Start of Input data

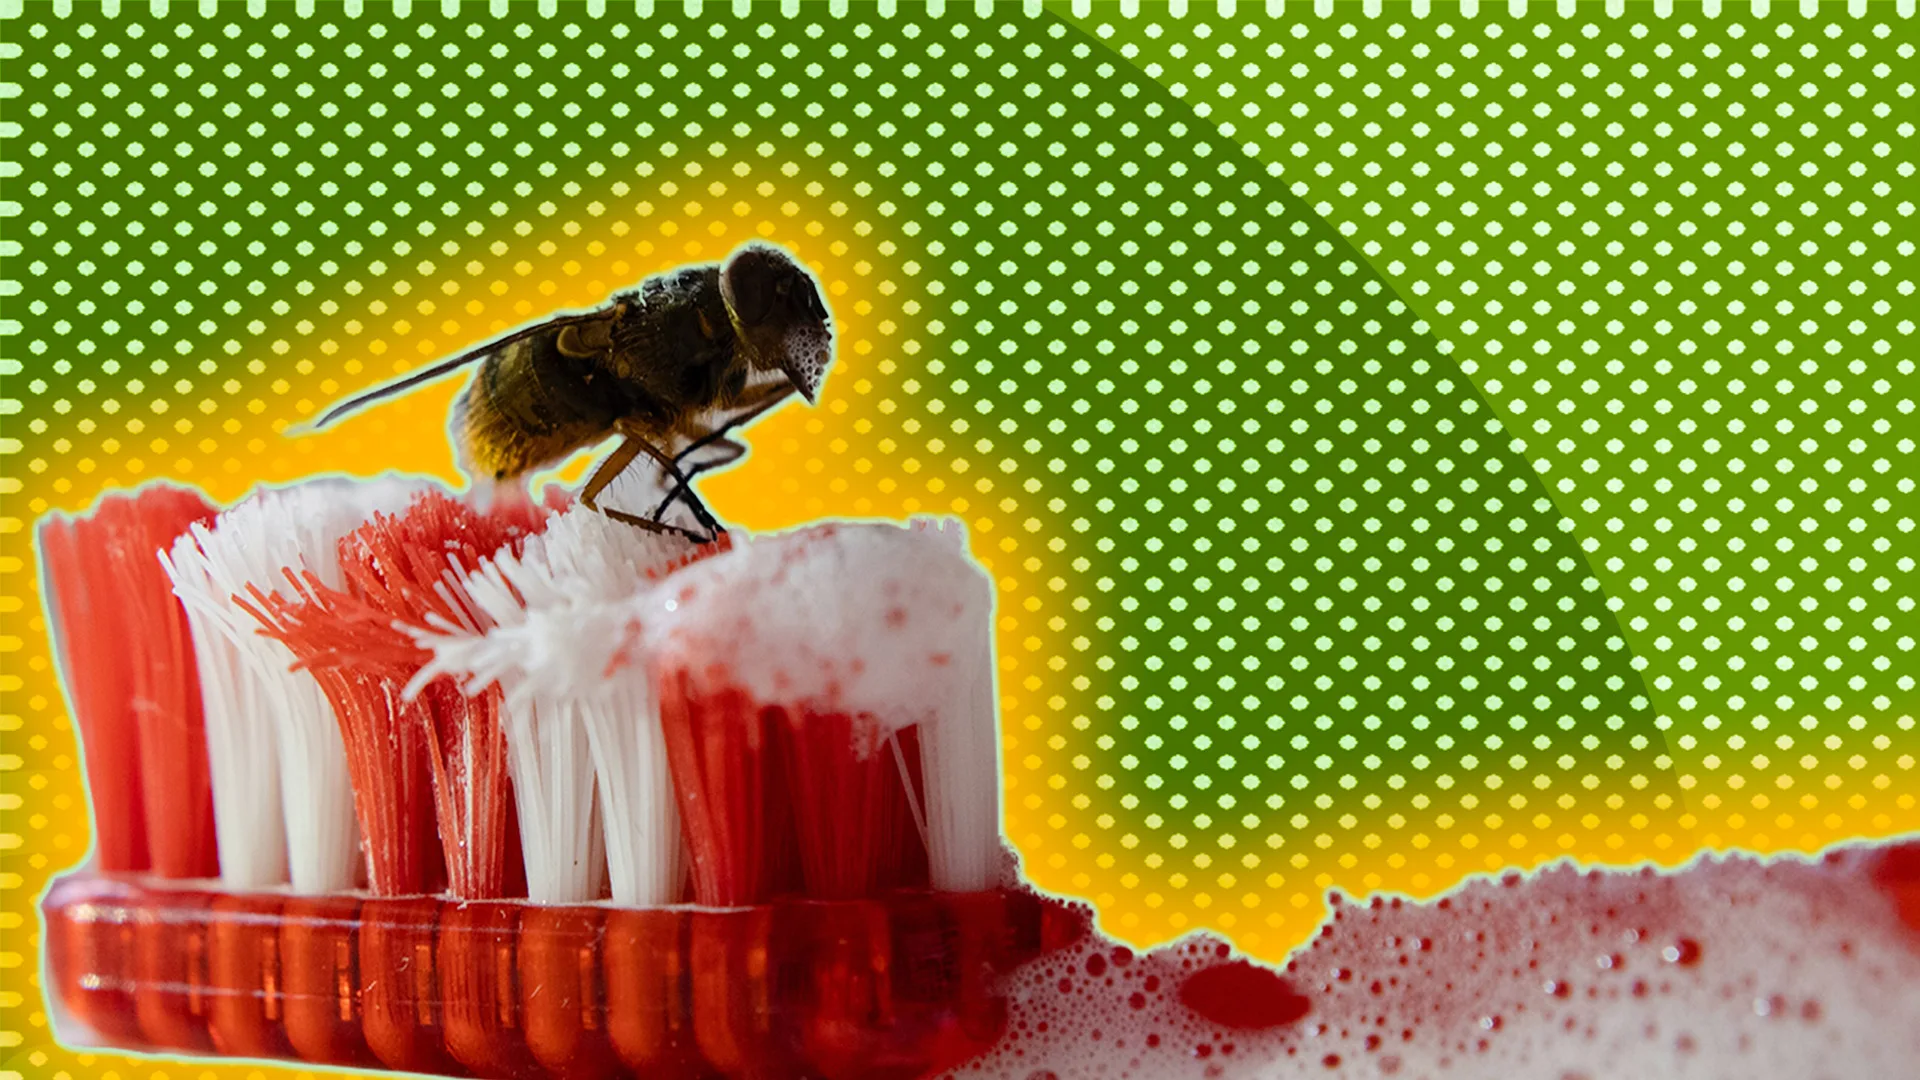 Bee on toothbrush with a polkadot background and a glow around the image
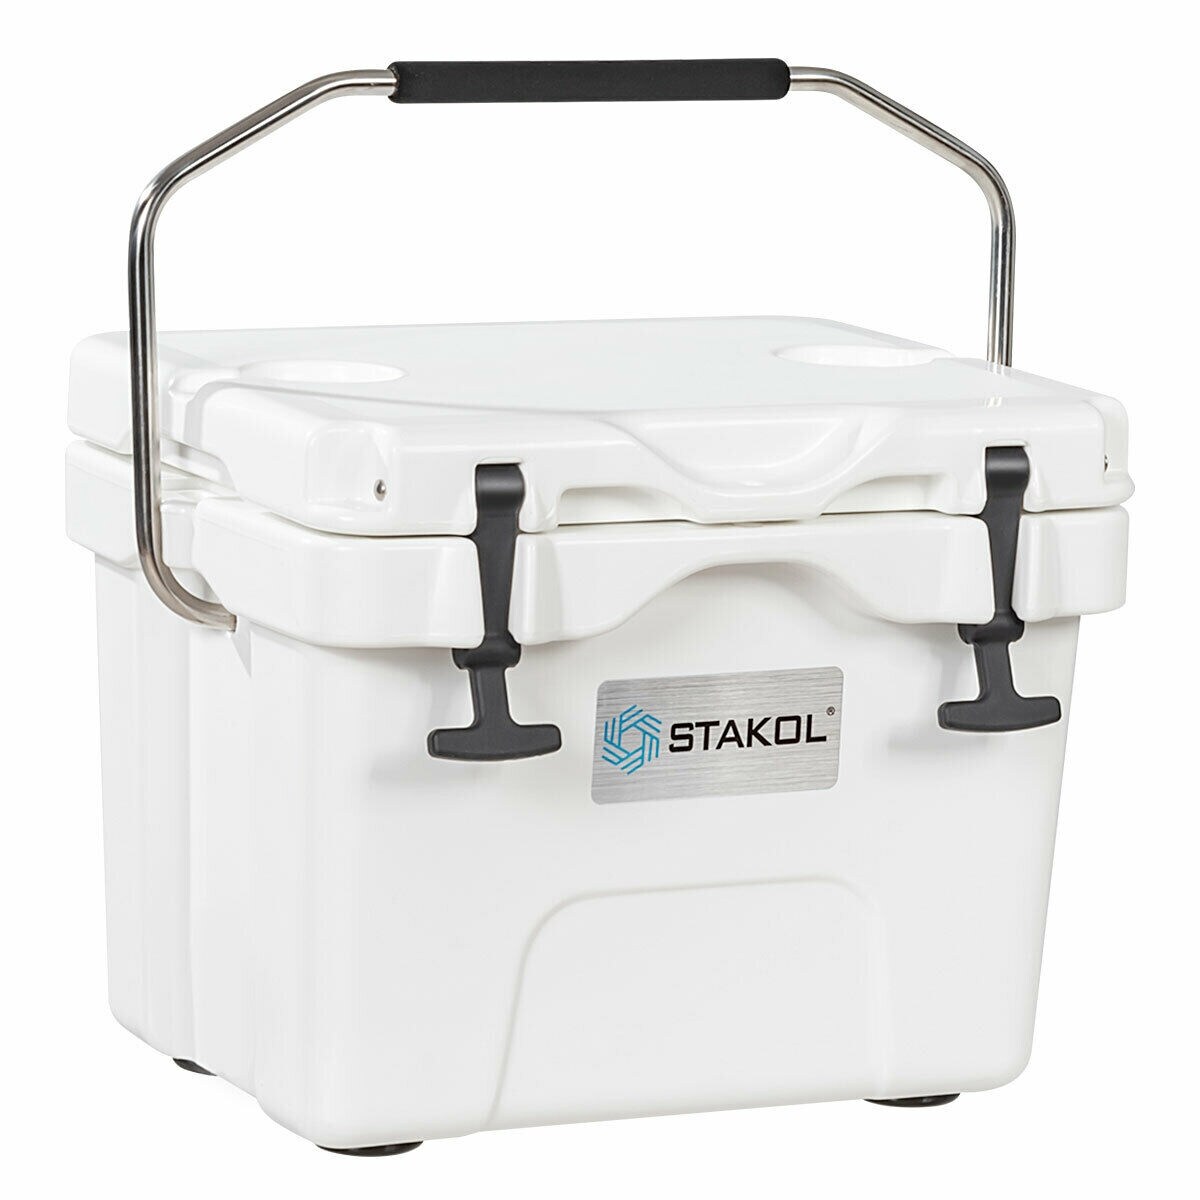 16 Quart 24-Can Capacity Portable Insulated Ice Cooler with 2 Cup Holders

End of Input data
Start of Input data

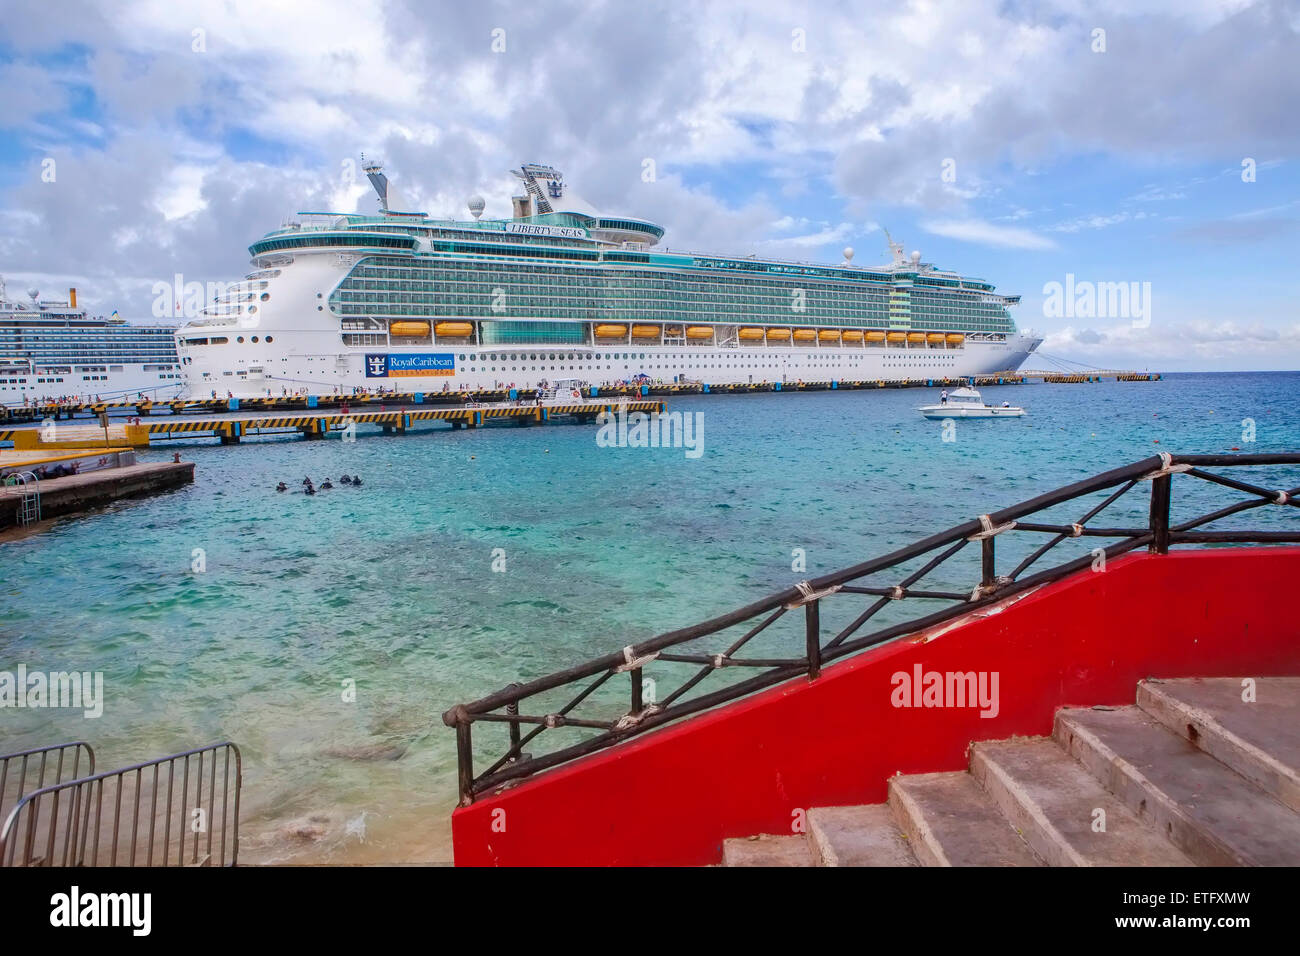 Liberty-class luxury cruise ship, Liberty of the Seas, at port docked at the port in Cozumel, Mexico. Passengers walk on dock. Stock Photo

End of Input data

### [Your goal]
Using the listing above, repeat word for word each line from the one with "Bee on toothbrush" down to the one with "16 Quart 24-Can", both included. Omit all pictures.

### [Exercise result]
 Bee on toothbrush with a polkadot background and a glow around the image
 16 Quart 24-Can Capacity Portable Insulated Ice Cooler with 2 Cup Holders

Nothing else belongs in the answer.